The applicant has provided a HACCP plan. However, it was noted that there was no action described for the identified issues hence HACCP on risk management was not sufficient. The Committee also queried whether the level of production certification was to international standards.
It was also noted that the levels of lectin was much higher in Bambara groundnut than other legumes hence an evaluation of this is essential, especially following the cooking process for their removal. The Committee noticed that looking at the analysis provided in Table 8 of the notification, there is presence of saponins and alkaloids mentioned. These could potentially include dangerous substances, hence further information on what these constitute is essential. Phytochemical safety was also not well clarified.
The Committee commented that the compositional data as presented was complicated. There were lots of tables that were not collated very well. Preferably, the natural ranges of some of the compounds listed should reflect the products being put in the market. It was noted that the phytate levels change radically during processing and even though the applicant states the product is targeted to an adult population, how this would be achieved was questionable, hence intake data for all ages should be evaluated.

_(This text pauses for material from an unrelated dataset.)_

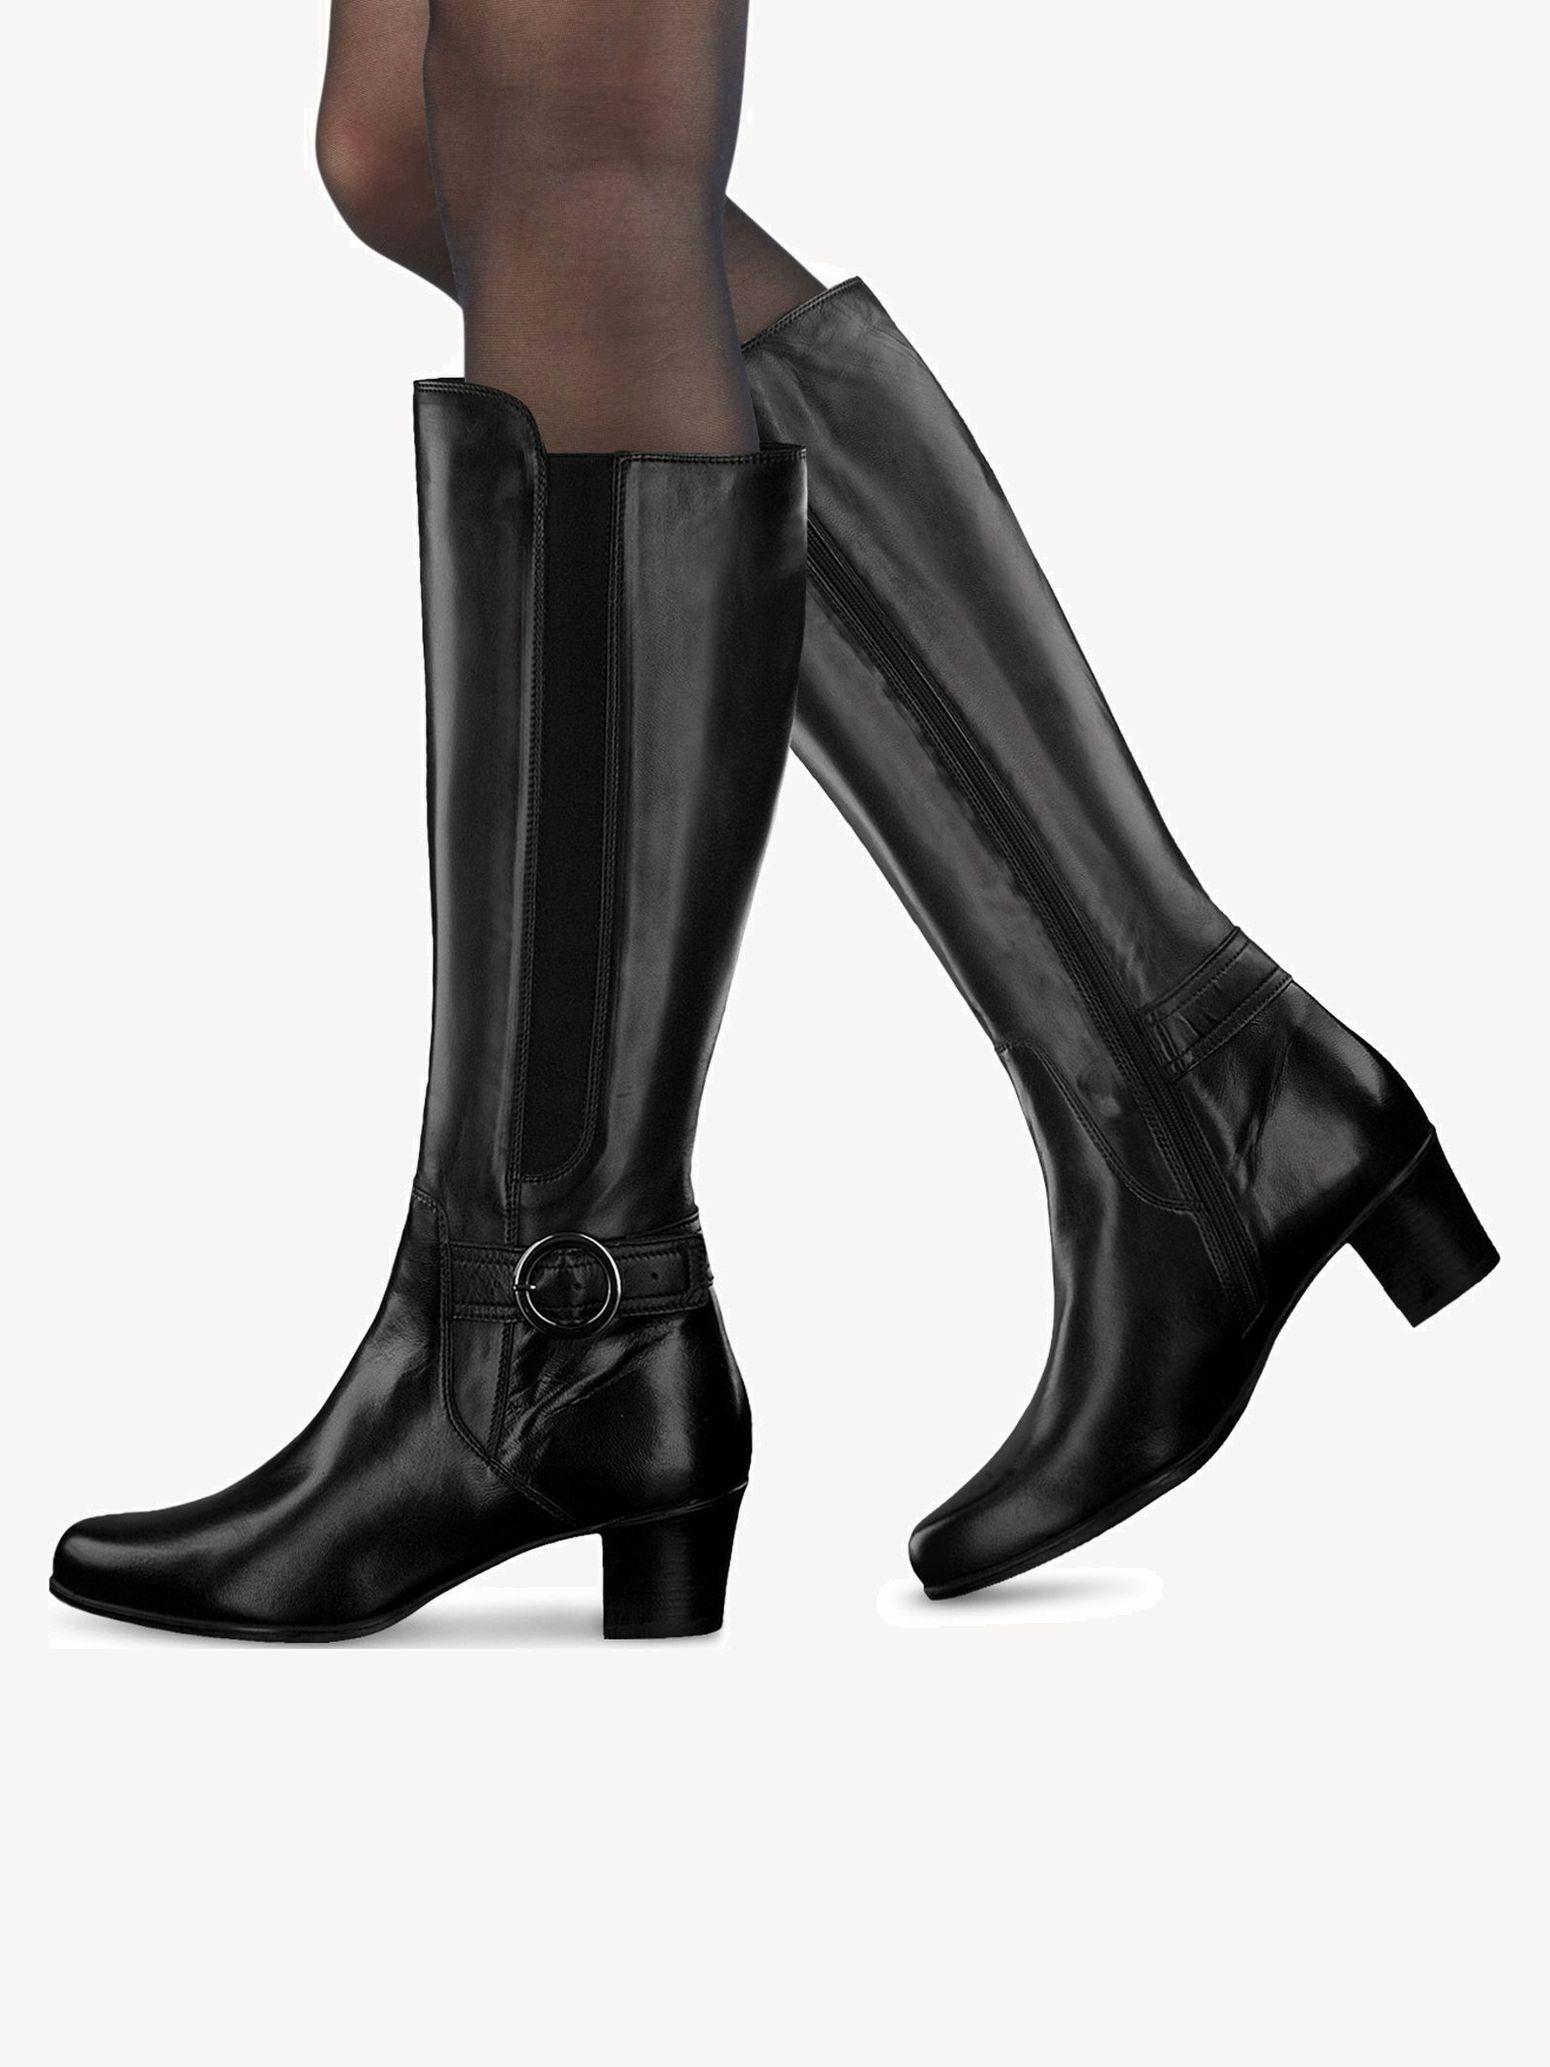 Tamaris Stiefel BLACK Art.:1 1 25549 21001 | Tamaris Schuhe

The Committee noted that the stability section was insufficient even though stability testing had been proposed. The Committee noted that since this was a traditional food that has been consumed before, there should be an indication of how long this product was stored for traditionally or some exploration possibly through literature review.

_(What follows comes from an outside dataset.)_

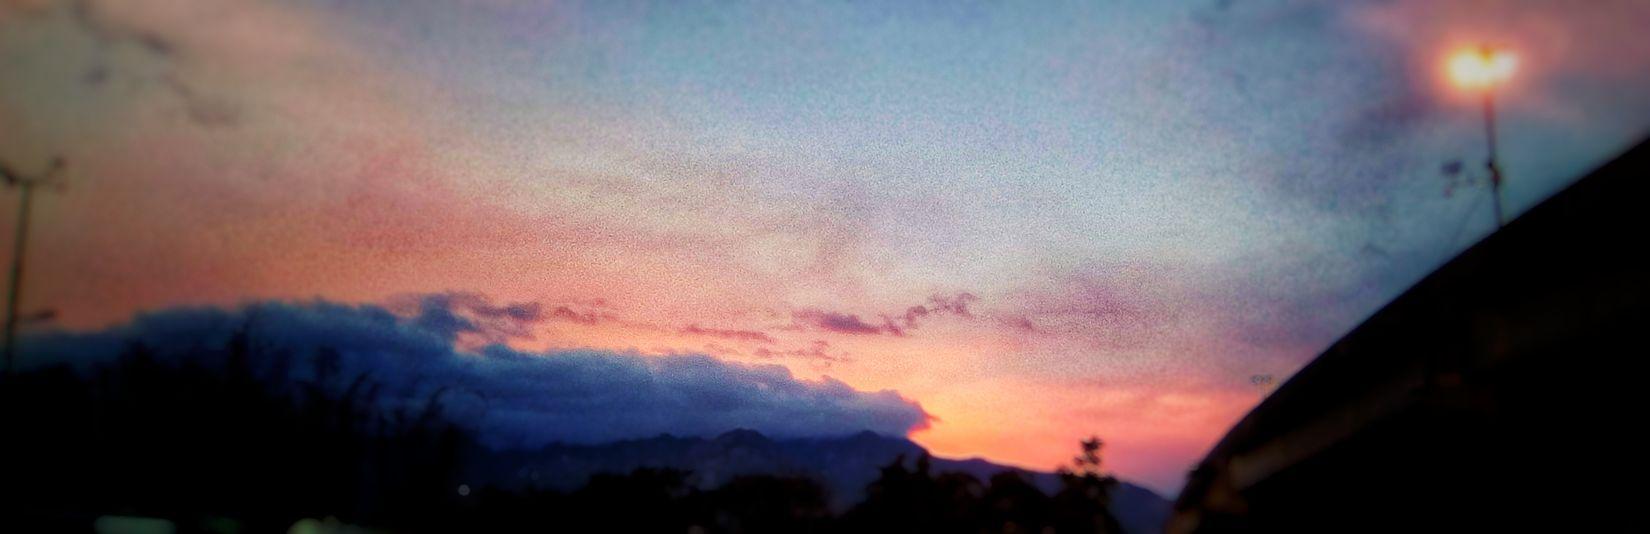 colors of the sunrise morning Sunrise Sunrise_sunsets_aroundworld Sunrise_Collection San Jose, Costa Rica Costa Rica 🇨🇷 Costa Rica❤ Eyemphotography EyeEm Best Shots Tree Sunset Silhouette Astronomy Dramatic Sky Galaxy Sky

The applicant specifies Bambara groundnut in four forms: dried, roasted, canned and ground to a flour. Generic specifications of comparable legumes used within Europe were followed and especially chickpeas because they are available in all the forms proposed for Bambara groundnut. The Committee did not highlight any concerns in this area.
The comparison with other legumes was felt to be useful. However, the assumption that nutritional benefits from one legume would occur with another form of legume was not sufficient evidence to consider the potential for nutritional disadvantage.
Proposed conditions of use for the UK market
The Committee argued that the allergenicity evaluation provided by the applicant was not satisfactory. They noted that the UK population could be more susceptible to legume allergens in comparison to a rural African population. Also, where there is potential for allergenicity, this becomes hidden in a product such as the ground Bambara flour, which poses a bigger risk if not labelled. They noted that the name ‘groundnut’ might be misleading as this is a bean and would also put off people with peanut allergies. Additionally, the Committee made an observation that due to this being a ‘traditional food’ application, the requirements for allergenicity data are different and also due to data gaps on cross-reactivity, it makes it difficult to assess the allergenic potential of this product.
The Committee noted that the applicant had made a comparison to other legumes such as soybeans. It was noted that just because one product has health benefits in a population within one region, it does not necessarily mean it would be the same case in another region.
The Committee identified several areas of concern where further information and assessment would be required to provide reassurance that Bambara groundnut could be used safely by the UK population. Several potential risks from various sections of the application needed to be explored further in order to provide reassurance that the product was adequately controlled.
The main areas of uncertainty were surrounding the potential presence of mycotoxins, data gaps on levels of saponins and alkaloids, stability of the product and also addressing the questions around allergenicity. Allergy to legumes is a known issue in the UK population and therefore potential for cross-reactivity should be addressed.